Meet Legacy Society Members Paul and Maggie Molony
Paul and Maggie Molony have been married 52 years. Paul worked for a major oil company producing television commercials while Maggie stayed home to raise their four children - Karen, Laura, and twins Brian and Susan. Maggie says, "Our lives were filled with so much happiness."
Even so, the threat of ALS lingered in Maggie's mind. Her mother, grandmother, three aunts, an uncle, and a cousin all died of ALS. Maggie explains, "I spent most of our married life thinking and dreading the possibility of being stricken with this horrific disease."
What happened next was unthinkable. In 1987, Karen passed away from ALS. Then Brian. Then Laura. Finally, Susan passed away from ALS in 1998. Maggie recalls, "I never dreamed that one day our four adult children would be the next victims and not me. We were completely grief-stricken and devastated."
It was during Susan's illness that the Molonys turned to The ALS Association for help. "Since then, we have always had a shoulder to lean on. As a result, we consider them part of our extended family."
After Susan's passing, Maggie and Paul decided to do something in memory of their four children: include a bequest to the Association in their wills. "When Susan passed away, there was no doubt in our minds that The ALS Association would share in our wills," Maggie says.
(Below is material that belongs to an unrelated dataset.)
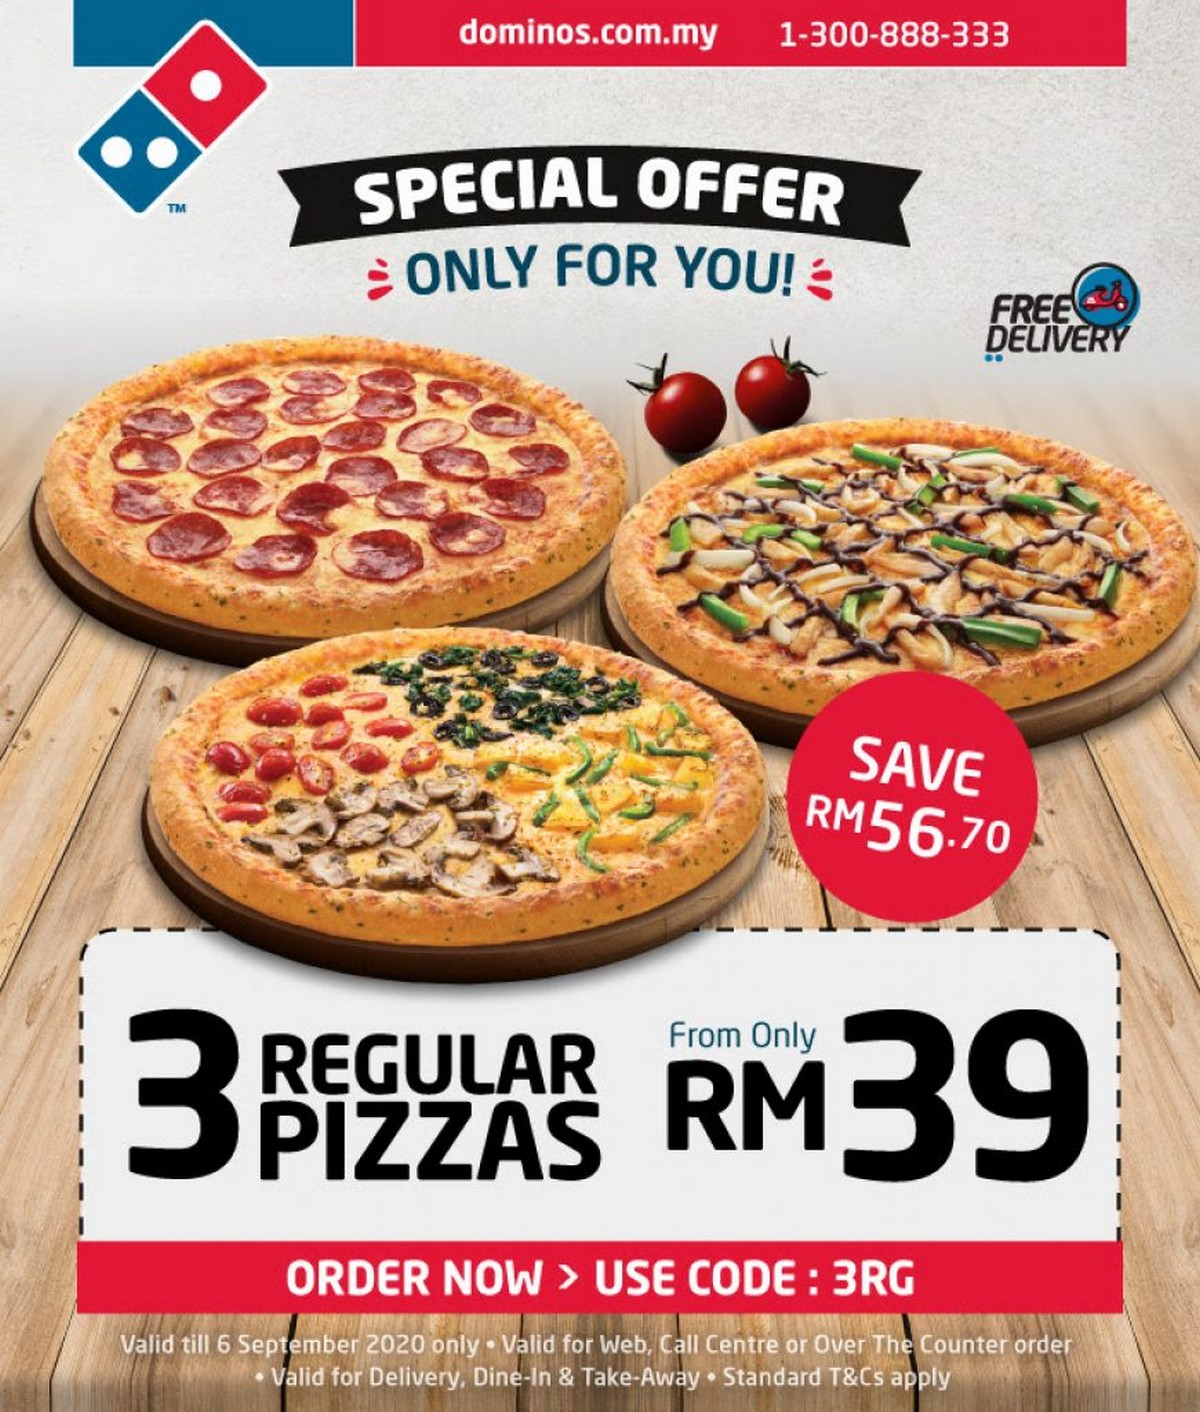 Domino's With Double Promo of 3 Regular Pizza For RM39 and ...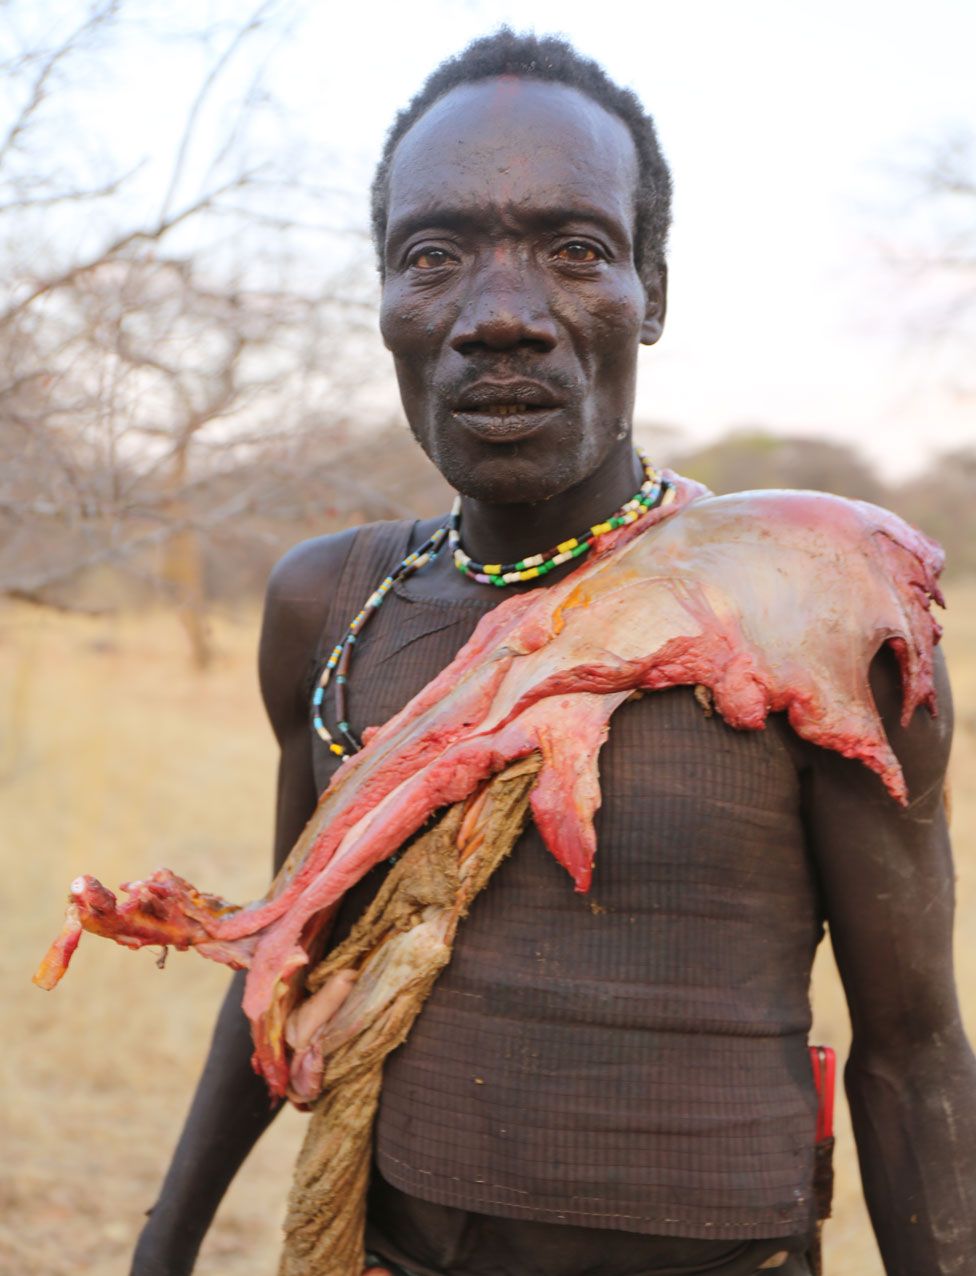 Hadza man carrying meat

The Molonys are hopeful that their gift will help the Association continue its world-class research efforts. "My wish is to open new avenues of more research on stem cells and to find a cure in time so that our eight grandchildren and future family members may live in peace without the fear of being stricken," Maggie says.
Having lost their four children to ALS has not deprived the Molonys of years of wonderful memories, nor of hope in the future. "We know this is what our children would want us to do," she says, "so that other young people might have a chance to live out their lives. We would strongly suggest that others remember The ALS Association in their wills so that one day we can say, "Mission accomplished!"